Can it still be rescued?

translator_bot · June 21, 2024, 10:33am

| username: Martins | Original post link

The original cluster is 172.16.27.211-216, and the new cluster is 172.16.26.211-216.

translator_bot · June 21, 2024, 10:33am

| username: h5n1 | Original post link

Your cloud environment looks quite unreliable. The errors on nodes 1 and 2 are due to data loss or corruption, causing them to fail to start. Is node 3 tombstone due to scaling down? Starting a new cluster with old data files seems untested, especially since your original data files are already compromised. Even if you set up a new cluster, the new cluster’s PD still needs to use pd-recover to restore the cluster-id and alloc-id.

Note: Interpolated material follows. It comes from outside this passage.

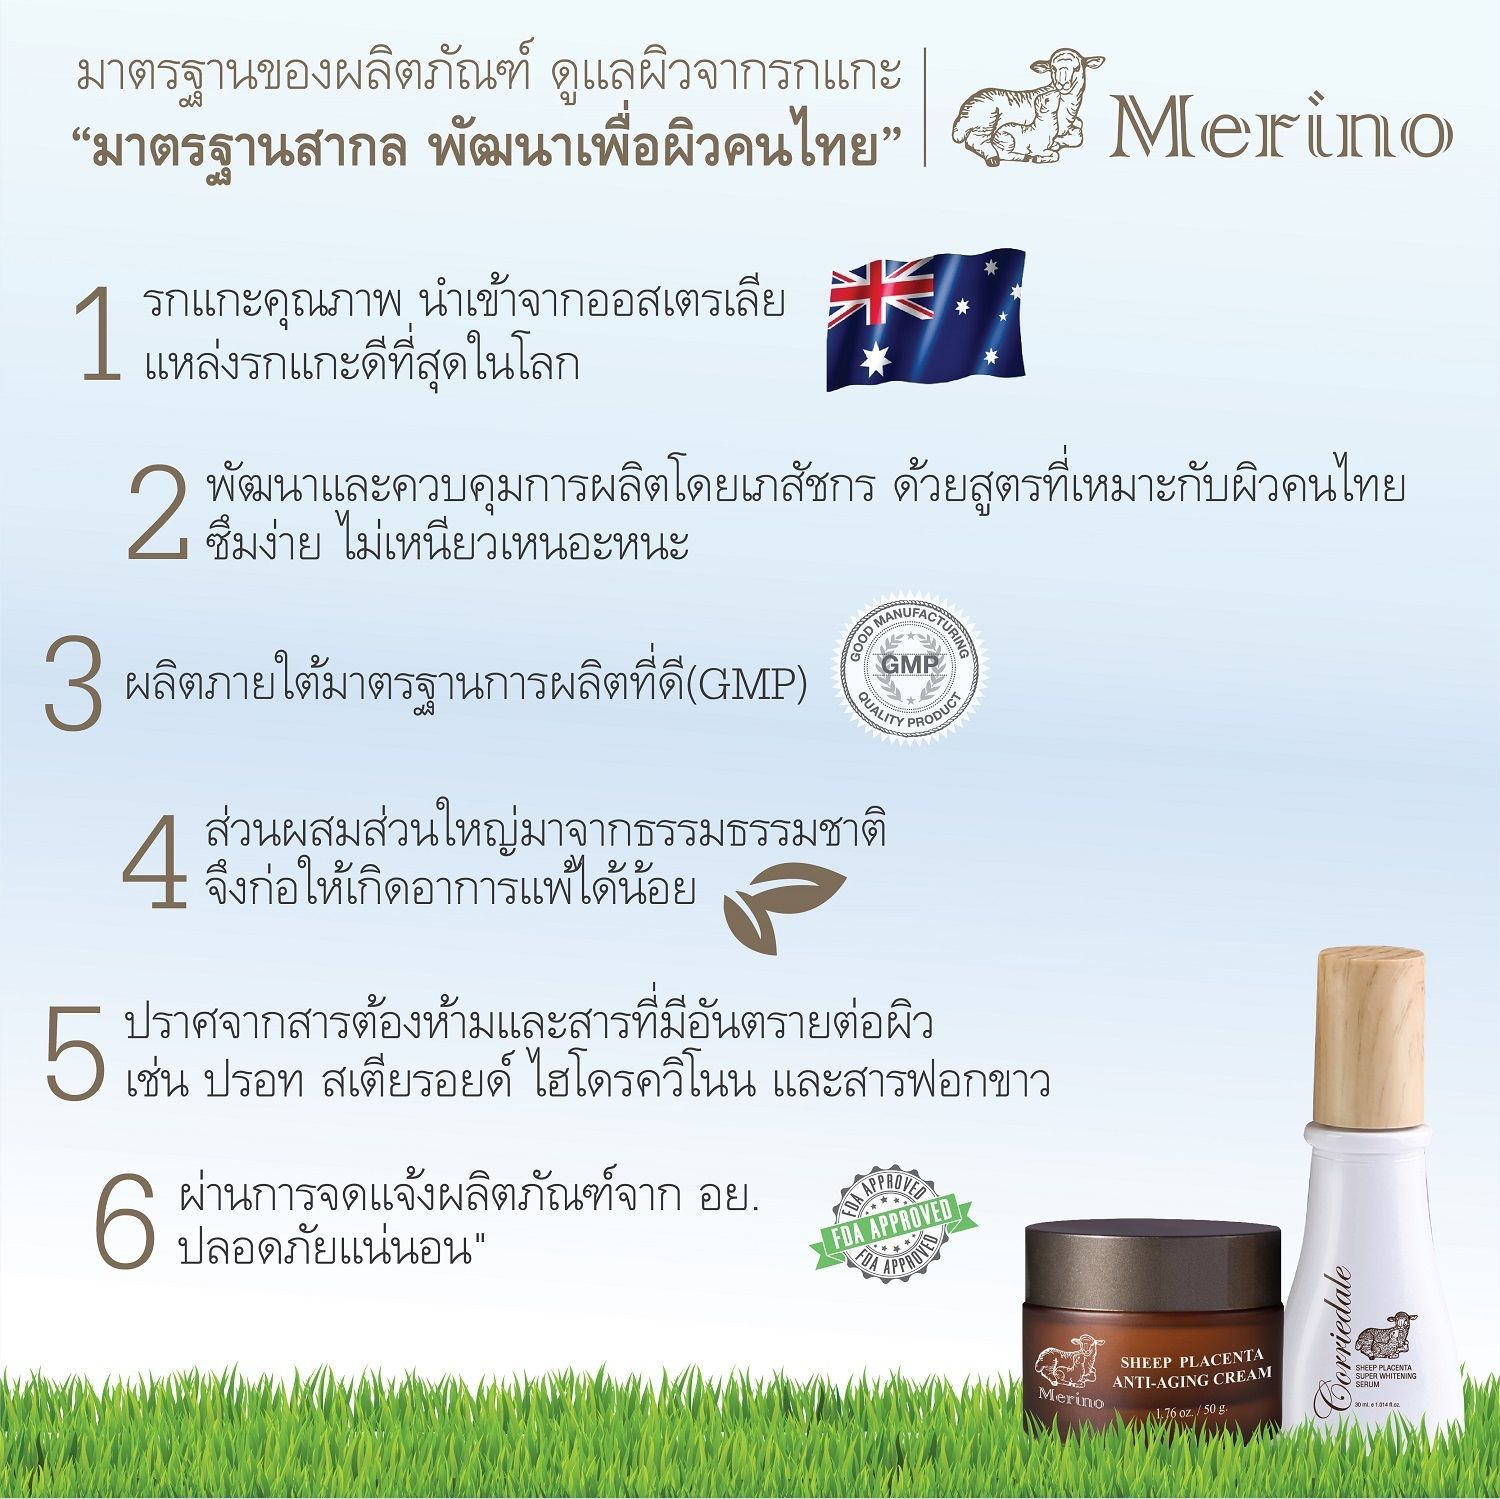 ผลิตภัณฑ์รกแกะ Merino มาตรฐานสากล พัฒนาเพื่อผิวคนไทย

translator_bot · June 21, 2024, 10:33am

| username: Martins | Original post link

Can you explain this in detail? Or provide some documentation, thanks!
This environment has been running for a long time without any issues. Yesterday morning, one KV node suddenly went down, and the system logs showed it was OOM. The node couldn’t be brought back up. By noon, another KV node went down, also due to OOM, and it couldn’t be brought back up either.

translator_bot · June 21, 2024, 10:33am

| username: Jolyne | Original post link

translator_bot · June 21, 2024, 10:33am

| username: Martins | Original post link

Thanks a lot!

translator_bot · June 21, 2024, 10:33am

| username: dba远航 | Original post link

It’s unbelievable that the cloud environment can cause IO corruption, it’s so unreliable.